As you are starting on your photographic journey many of your questions will be dealing with cameras and lenses and their settings. What lights were used and with what modifiers. What photoshop actions were used. Etc. Then the day will come when cameras, lenses, lights and all of their settings don’t mean a damn thing to you any more. What you want to know from other photographers is what was the thought process behind a certain photo or series of photos. Dave does a good job breaking that down. Watch the video to hear how he thinks… not which aperture he used.

I’ve been saying for a long time that Dave is “one to watch” and this recent shoot of his only confirms that. Check out his blog for photos and more BTS action for this shoot. Great jorb homestar!

Cheers, Zack




Discussion

  • Yossi said on September 21, 2010

    Hey Zack,
    I know, its not related to this great post -
    Would you be so kind giving us a short tutorial on how you make those “Usedfilm” embedding on all of your great shoots ?
    I’ve tried to, but it looks so bad, you some how bending it on the photos ( some times like Tatoo’s, other times like advertisement on a wall )

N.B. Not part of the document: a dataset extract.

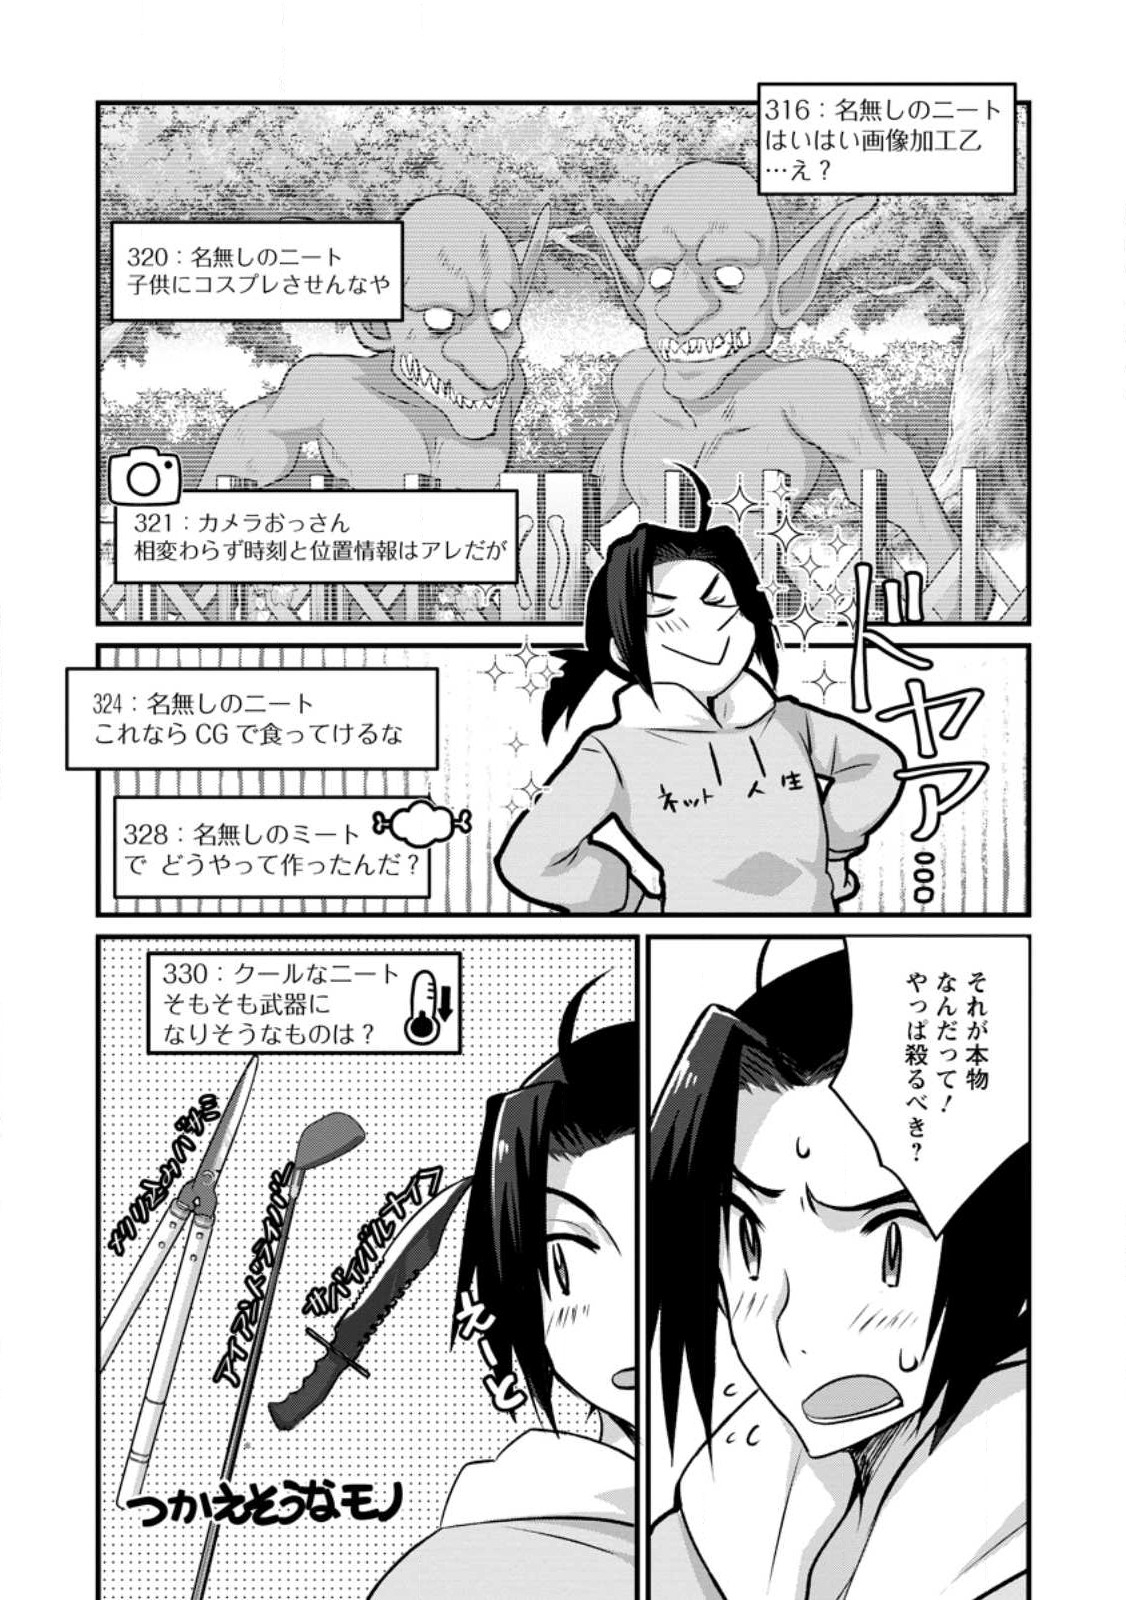 10-nen Goshi no HikiNEET wo Yamete Gaishutsu shitara Jitakugo to Isekai ni Tenishiteta - Chapter 1.3 - Page 9

    anyway, I will keep admire you (always) even if you’re totally ignore this comment :)

    Thanks, Yossi.

  • zack said on September 21, 2010

    @Yossi – I can do that at some point. It’s pretty easy.

  • William Beem said on September 21, 2010

    Very interesting. While it was starting, I wondered where he got all the cool circus stuff. Ah, that’s it. They made it.

    It’s cool to see how he had a vision and figured out how to make it work.

    One of the things I haven’t figured out is how to get space for a project like this. I don’t have a studio or the money to rent one, but I also don’t want that to be an excuse to stop me. It’s just one of those things where you gotta figure it out.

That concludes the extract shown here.